Unternehmen waren immer schon Verknüpfungsmaschinen. Firmen suchten nach Verknüpfungen bei Kunden, Lieferanten und “Helfern”. Sie waren aber nur dann erfolgreich, soweit sie sich als Verknüpfung für andere profilierten.

“Unternehmen waren immer schon Orte des Zusammenwirkens von Menschen, Plänen, Prozessen und Leistungen — wobei die Organisationsformen sich historisch wandelten“, schreibt @write2gether.

Etwa die Metamorphose von der Agrarwirtschaft zum Industriekapitalismus mit zahlenorientierten Management-Methoden, zerlegten Arbeitsschritten, vorgeschriebenen Handgriffen und hierarchischer Kommunikation.
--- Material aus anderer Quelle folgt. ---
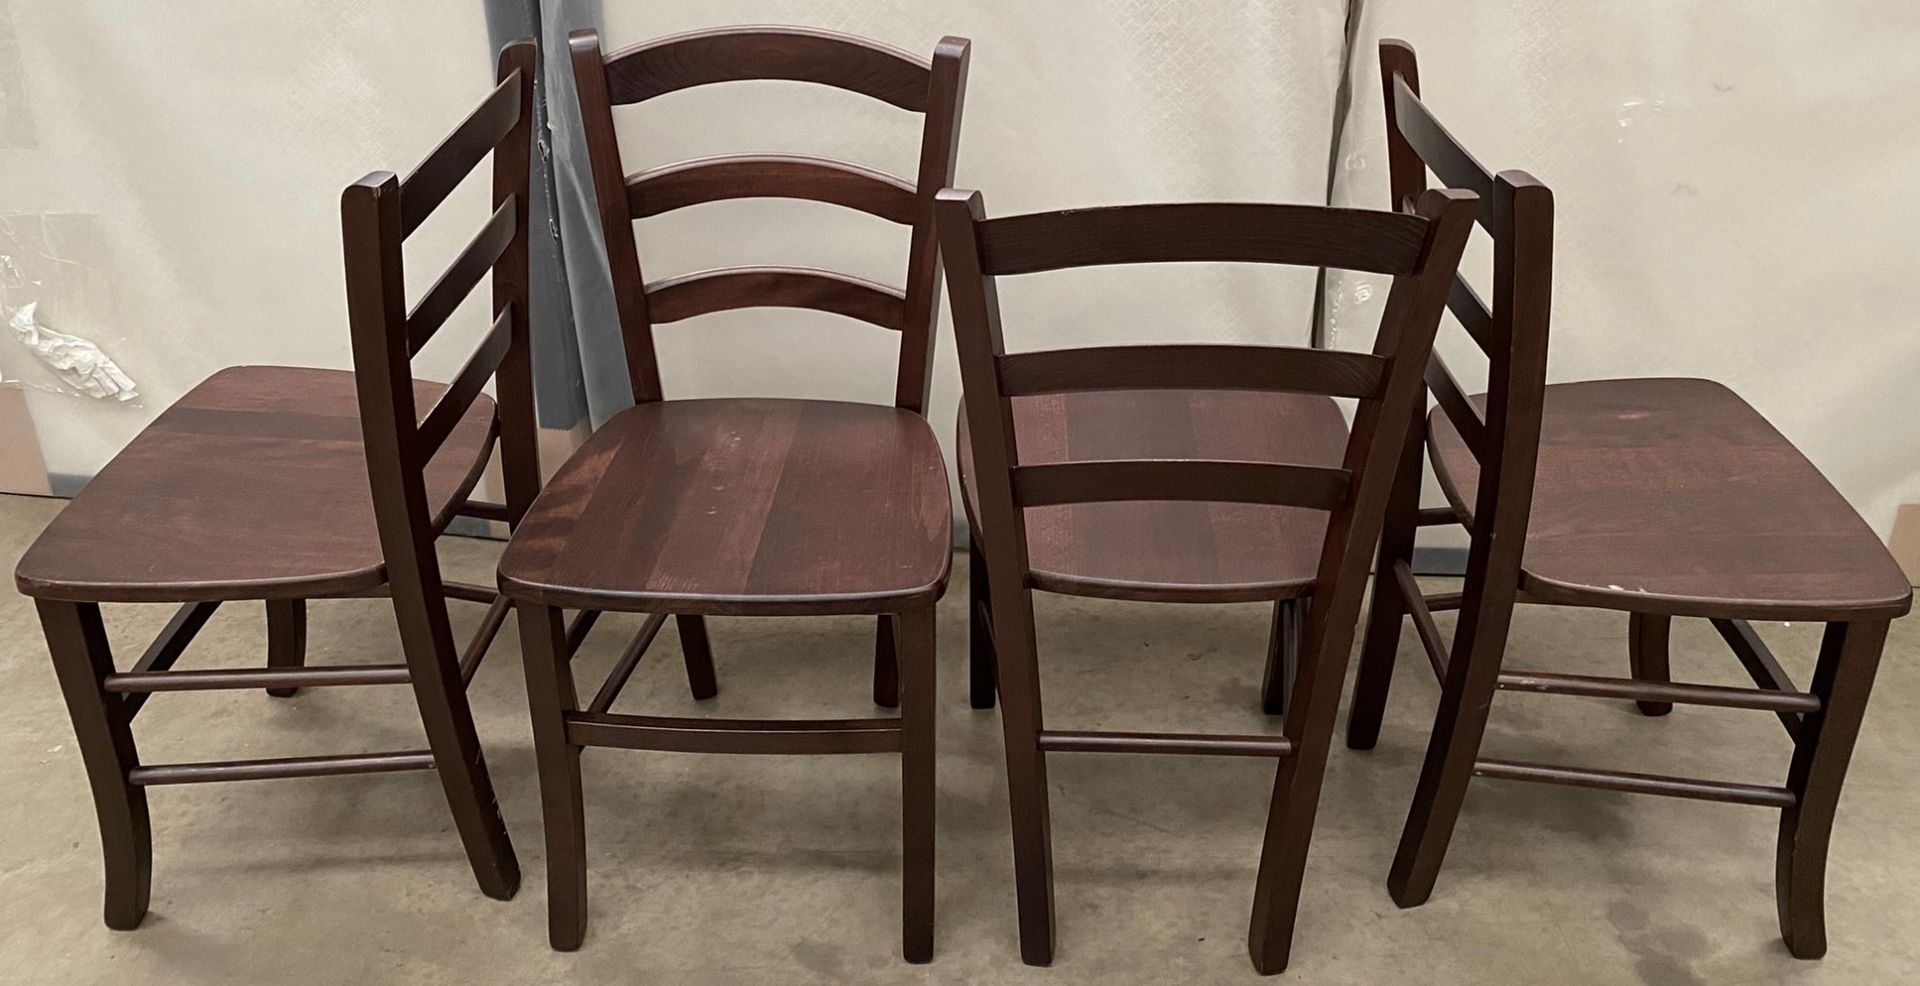 4 x Dark Wood Ladder Back Dining Chairs - Image 2 of 2

Also all das, was wir unter dem Taylorismus subsummieren.

Davon müssen wir uns nun verabschieden, auch wenn es noch viele Protagonisten gibt, die den alten Methoden anhängen und wenig auf engagierte, kreative und selbstdenkende Mitarbeiter setzen.

Die Abkehr vom “dummen” Taylorismus zur “intelligenten” kooperativen Wirtschaft über digitale Plattformen, könnte für Unternehmen in Deutschland eine interessante und machbare Herausforderung sein. Das gilt besonders für die Forschung und Entwicklung in technologisch offenen Welten.

Wenn Mittelstand die Netzszene trifft

Hier könnte das Zusammenwirken mit jungen Technologiefirmen und generell mit der Netzszene besonders für den Mittelstand Vorteile bringen.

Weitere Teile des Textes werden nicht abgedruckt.